I wish Britt and Brennen all the luck in the world in their new adventures in Seattle. I sure as hell am gonna miss them.
And as a sidenote: This camera is damn amazing. I hope I’m badass enough to handle it…
(ps. Profusely apologize for the duration of time between this post and my last. How completely unacceptable of me!)
Last month my husband and I took what I’m now dubbing the “Great Pacific Northwest Roadtrip” and had an amazing time. I’ve been trying to eloquently construct this blog post in my head since my return but there are really no words for the way this part of the country made me feel. There’s something mysterious and magnificent about the forests up there and I had a feeling of bittersweet sadness but a strong yearning despite it that I couldn’t shake. The ocean was beautiful, of course, but it always leaves me feeling a little cold and extremely lonely and I’ve never craved to be near it as so many others do. The desert is my home and where I’m most comfortable; warm wide open spaces and a clear 360 degree view of the landscape and the horizon and so I confess that being shrouded by so many gargantuan trees left me a little claustrophobic but the entire time it was something I was absolutely certain I could shake or learn to live with it if the opportunity to live up there ever presented itself. I could even become friendly with the ocean. My mom grew up with the ocean and she’s always longed to return. Sometimes I think some of those feelings should be hereditary..simply because the desire and passion for these beautiful pieces of our home, planet earth, are so strong and ingrained within us.

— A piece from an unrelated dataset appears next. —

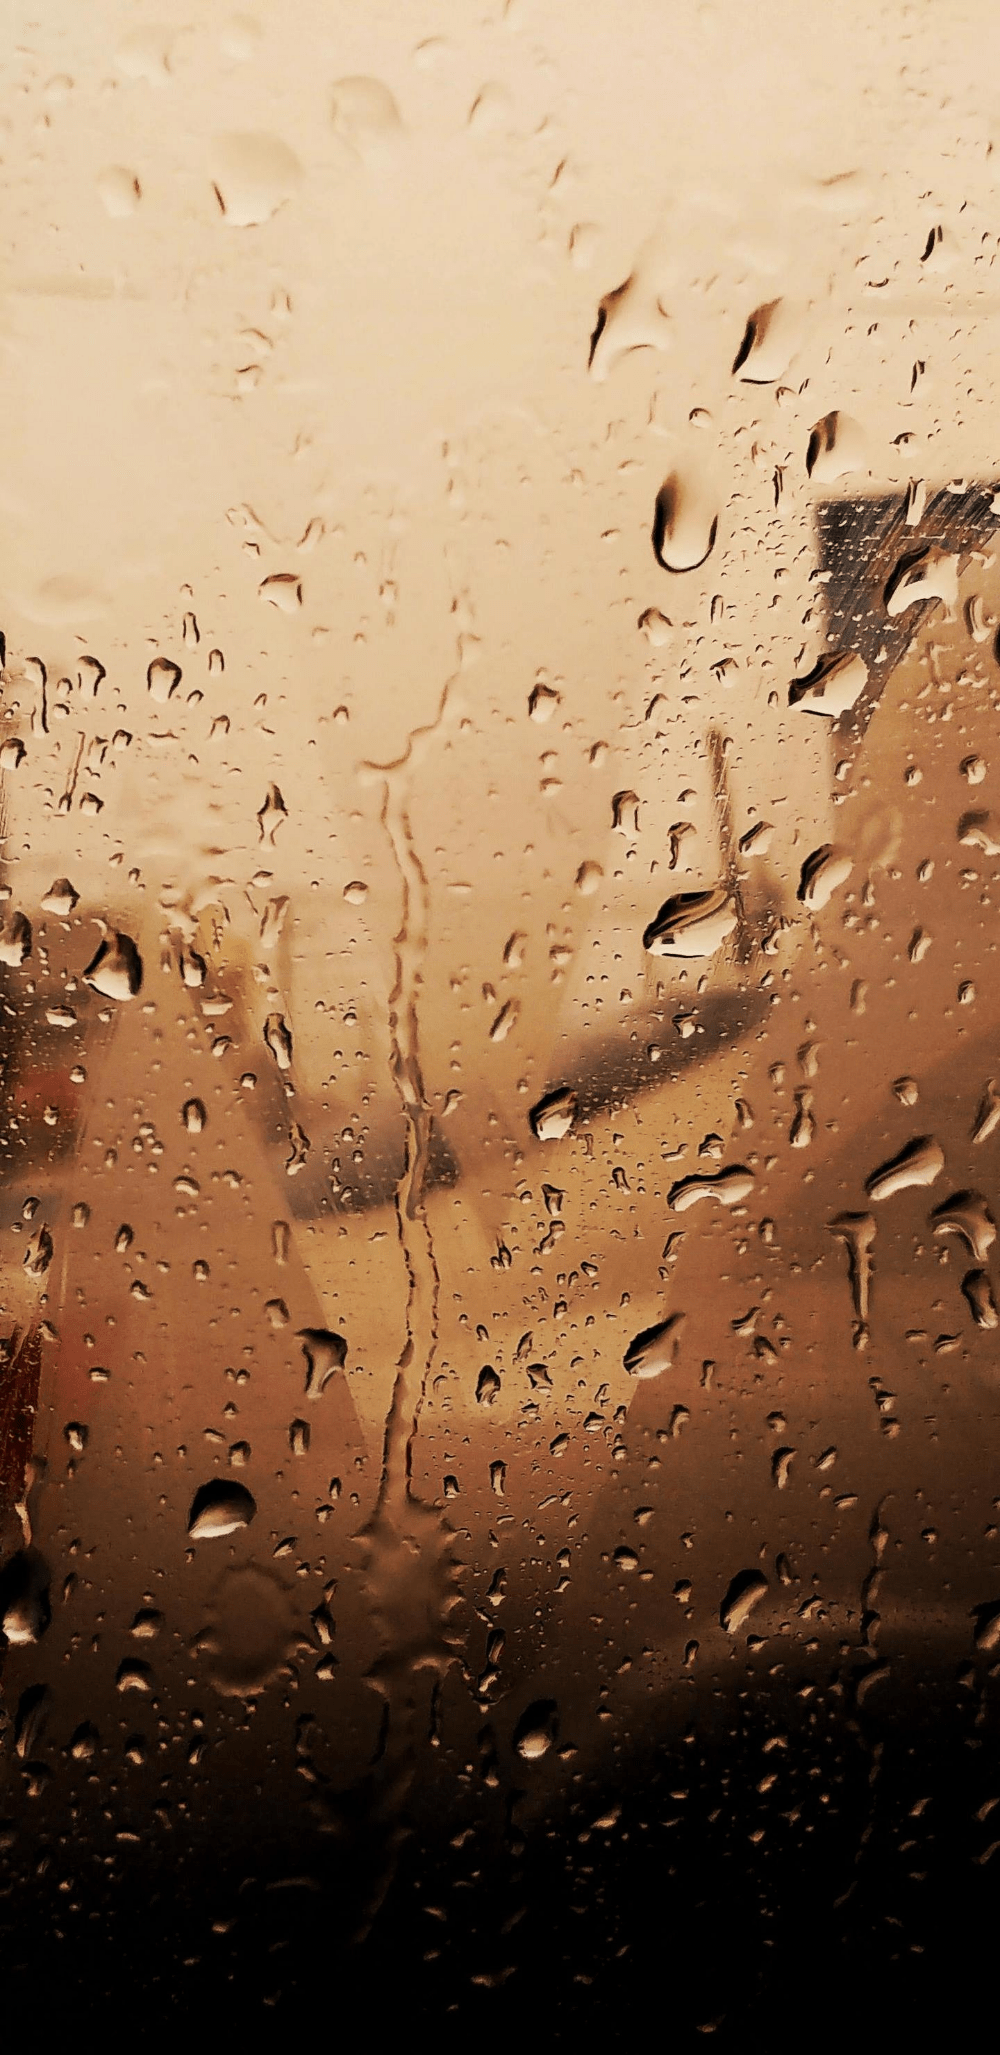 A photo of raindrops on a window with a brown background - Rain

I wish there was a way to correctly translate to words what I saw and felt in this short 10 days but I can’t. All I can say is “GO.”
(The images above we’re taken at the Ladybird Johnson Grove at Redwood National Park.)

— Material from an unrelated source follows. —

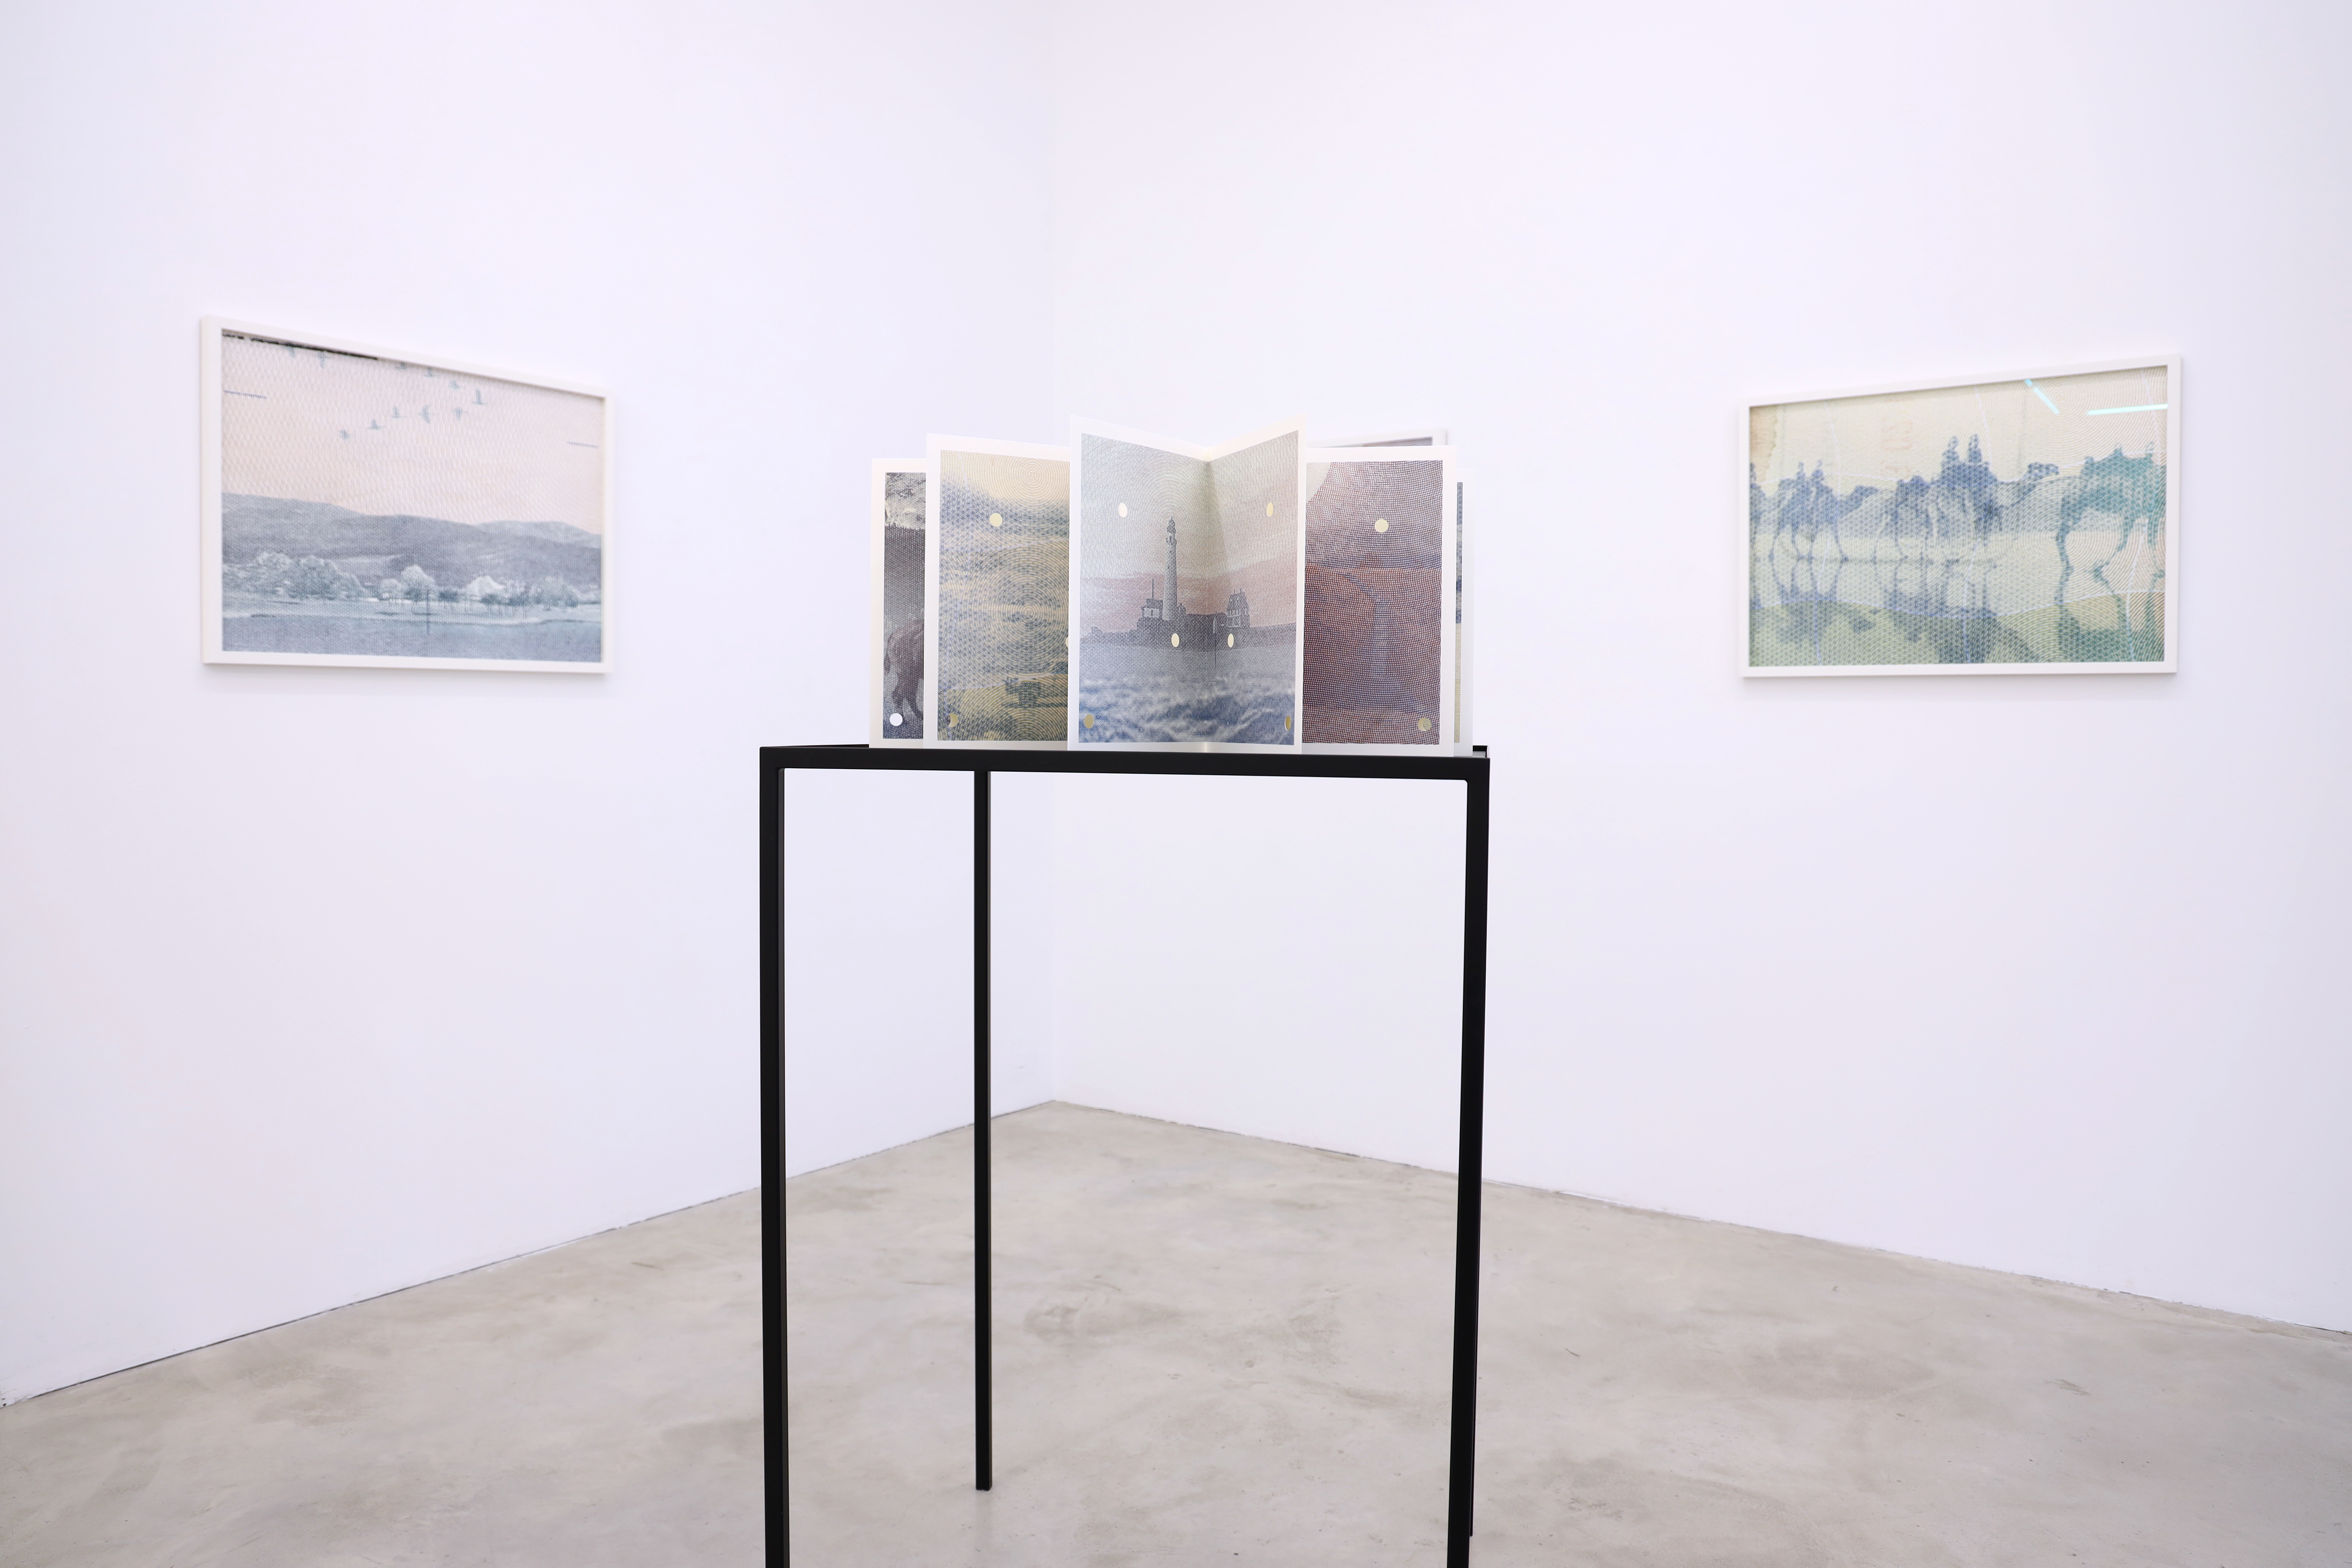 Exhibition view at Persons Projects, Berlin, 2021/2022

Last Wednesday I had a shoot with my friend and tattoo artist, Shanna Keyes.It’s something we’ve been talking about for a while since our last shoot was 2 or 3 years ago or so now. But it always seemed like our schedules wouldn’t mesh or she just wanted to finish getting tattooed a bit more. Her ultimate goal is to be fully covered and she’s heading towards it quickly!
The little shoot was fun and took place at her apartment where her new kitty cat Shiloh kept getting cameos. I’m a HUGE cat person so put a cat and a pretty tattooed girl in front of my lens and it’s like I’ve won the lottery. :) See more of my favorites from this shoot at my Flickr!
Lastly, if you’re in Colorado Springs and want a tattoo, see Shanna at Pens and Needles!
Earlier this week, I traveled to Omaha to watch my youngest cousin, Rachel compete in the Olympic Swimming Trials. I was planning to be there about 3 days or so to watch her swim and then spend a little time with my family as well as a friend who would coincidentally be there at the very same time for work. Unfortunately, the Waldo Canyon Fire here in Colorado Springs cut my trip short and I got an earlier flight home in case my neighborhood (which was only mere miles from the fire) was to be evacuated. Fortunately, that didn’t happen but I’m completely bummed my time with friends and family was cut short. It’s not often we all get to see each other. Rachel didn’t qualify in her race on Tuesday but she has another shot on Sunday so please help me in sending positive thoughts her way!
(and hey, at least now I can say I’ve been to Nebraska…oh, AND Iowa!)